A Mathematical Model to Consider the Pulse-Like Earthquake Effects in Seismic Design Spectrums Based on Strong Motions of Iran

The purpose of this research is to generate a pulse-like acceleration spectrum from the horizontal component of a non-pulse-like acceleration spectrum. Three different methods have been used for this purpose. Therefore, 63 accelerograms were selected from 450 recorded accelerograms in the near-field and according to the pulse-like and near-
fault acceleroram criteria. The geological location of the stations is based on the data published by BHRC (Building and Housing Research Center). Required corrections have been applied in the frequency and time range of the used accelerograms, their values have been scaled to 1 g, and the spectrum of each of the accelerograms is calculated. Computing and modeling of pulse-like coefficients of the accelerograms have been done using three statistical methods as follows:1) Representing the average for ratios of acceleration spectrum of horizontal components, which are perpendicular along the fault, to the non-pulse-like acceleration spectrum of horizontal components for the same accelerogram, for all of the rock and soil type data, individually. 2) Representing the average for the ratios of acceleration spectrum for horizontal components of non-pulse-like accelerograms, which are perpendicular along the fault, to the acceleration spectrum horizontal components of non-pulse-like accelerogram that is recorded in another station. 3) The average for the ratio of acceleration spectrum for vertical component, to the acceleration spectrum of the horizontal component perpendicular along the fault, for the same pulse-like accelerogram.
Due to the scattering of data and their shortage, especially in sites of groups 3 and 4, the outputs of these two groups are combined and represented as the group of soil, and the outputs recorded in the sites of groups 1 and 2 are also combined and represented as a rock group representative. Then, a comparison was made between the correction coefficients of the obtained spectra and the coefficient N introduced in the 2800 buildings standard in Iran. Errors in each method have been determined and appropriate mathematical models are presented for the 50% balance in each of the three methods. Then, the coefficients obtained from the methods are applied to the non-pulse-like spectrums and are compared with the recorded pulse-like spectrums. The following results have been obtained from these studies:- The proposed mathematical models for modification of the design spectrum in each of the methods have a fairly high accuracy and reliability; however, these methods have considerable differences compared to the Iran's 2800 standard of buildings.
- The basis and criterion for obtaining the N coefficient in Iran's 2800 standard is not known, whereas by applying this coefficient it can be said that the effects of the near-field have been applied. It is suggested that this issue is addressed in revision of Iran's 2800 standard.
- The natural period of the structures designed by the regulations (short and medium order construction structures) is usually less than 2 seconds.

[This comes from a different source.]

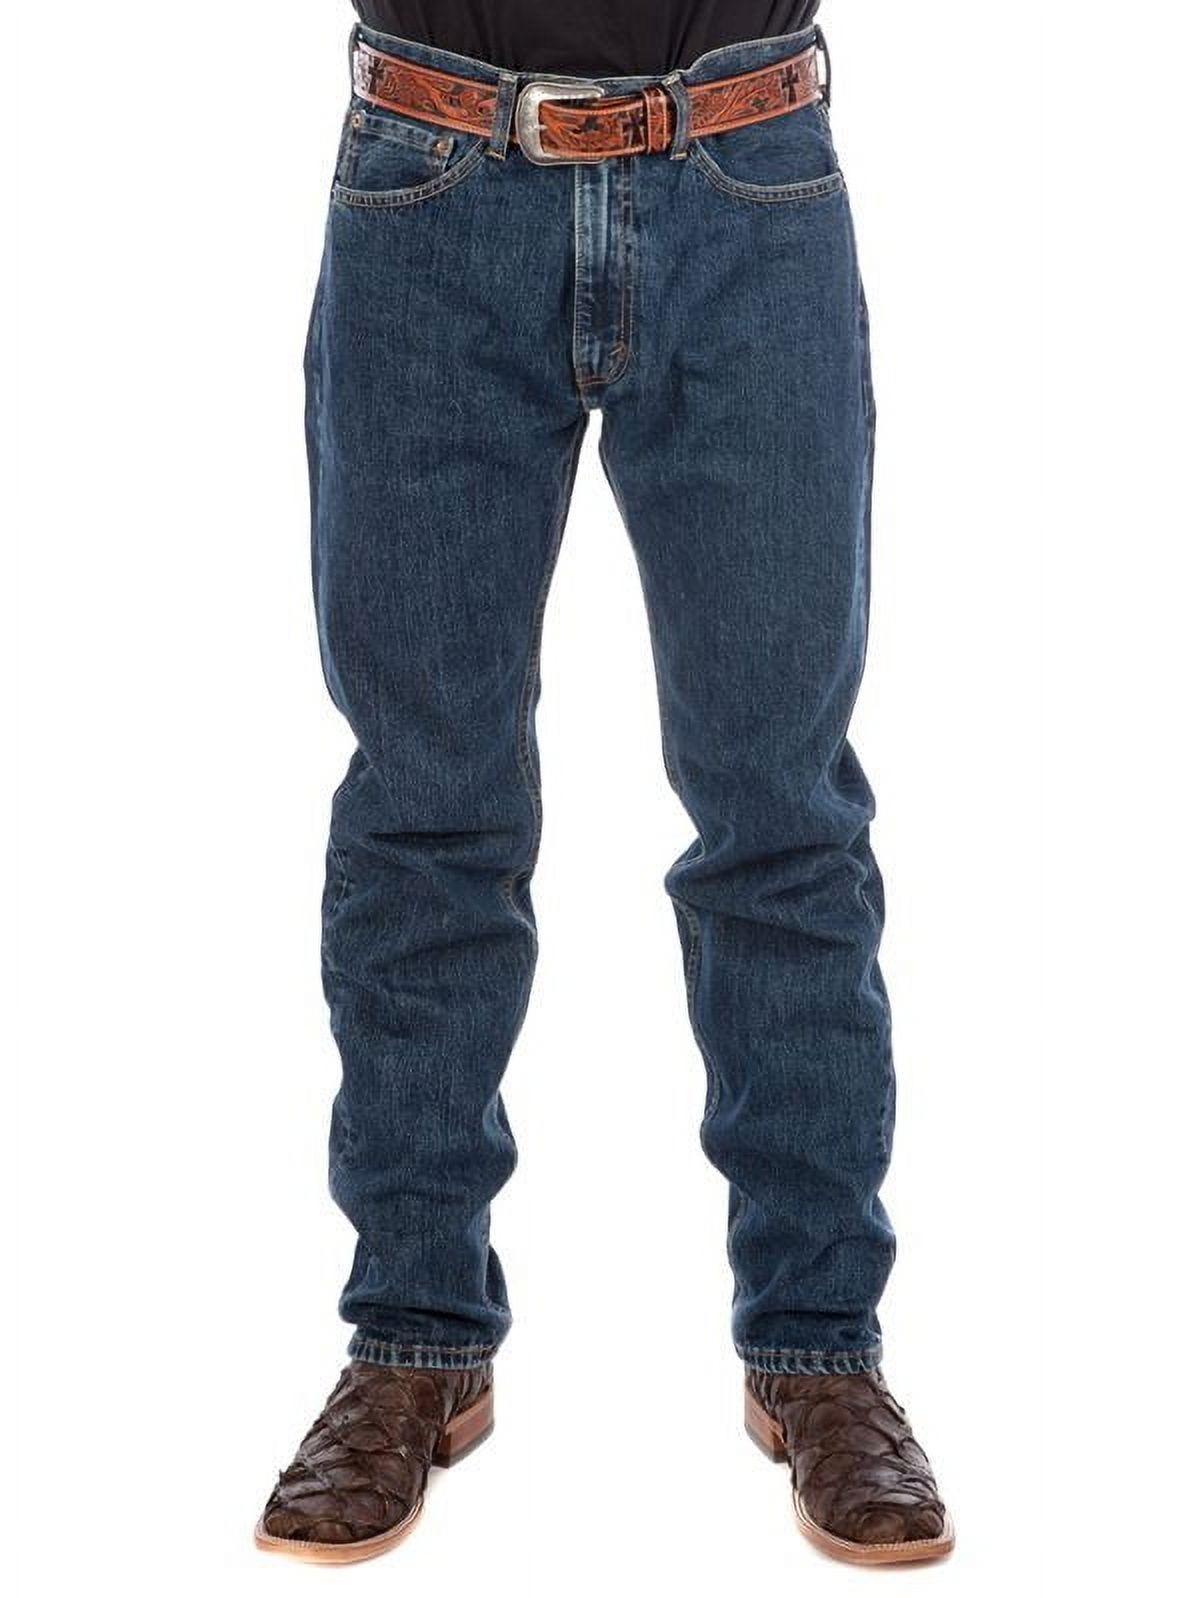 Levi's Men's 505 Regular Fit Jeans - image 3 of 5

In this interval, the proposed coefficient of the regulations and the proposed coefficient models presented in this study have the largest differences in relation to each other.

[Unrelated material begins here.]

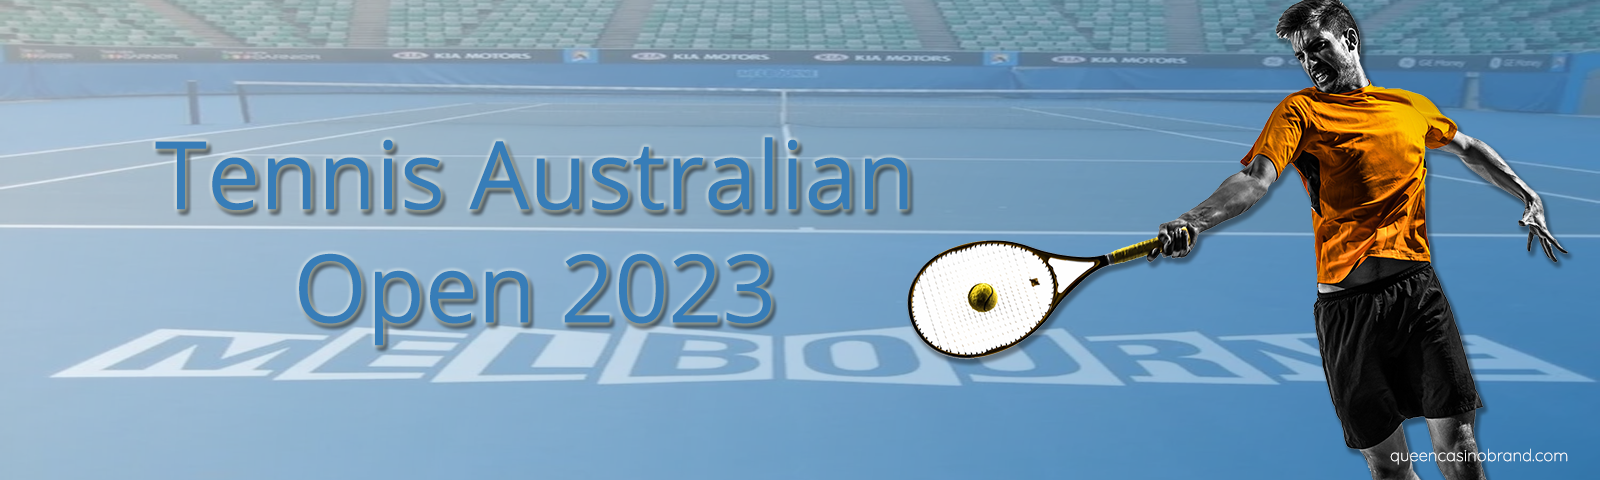 Tennis Australian Open 2023

- The N coefficient always increases after a period of 0.5 seconds for up to 4 seconds, after which it remains constant, which is very conservative and irrational. While in the first and second methods suggested in this study, the slope of the curve is descending from a certain periodic range. This part confirms the justification of the applied procedures too.
- Error values are presented separately for each method. In the model provided for the soil, the error value is slightly higher than the rock model.
- The magnitude of the error is mostly positive in many periods, which means that the domains of the proposed models of the N coefficient are less.
- The absolute and relative errors in the first method are about 0.33 and 5%, and for the second method, it is equal to 0.05% and 15% respectively.
- Among the results of the three methods carried out at 50% level, the first and second methods have a much better and more reliable consistency than the third method, and also compared to the 2800 standard.
- As one of the most important results of this research, it can be stated that the results of the third method presented in these studies has no logical connection with the pulse-like accelerograms to be used to understand the N coefficient.
- According to the comparisons, from the first and second methods, the results of the first method are found more countable. The reason for this is the insignificant difference between the pulse-like modeled spectrum by the application of this coefficient (N) in the proposed model and the pulse-like spectrum of the real records obtained from the earthquakes.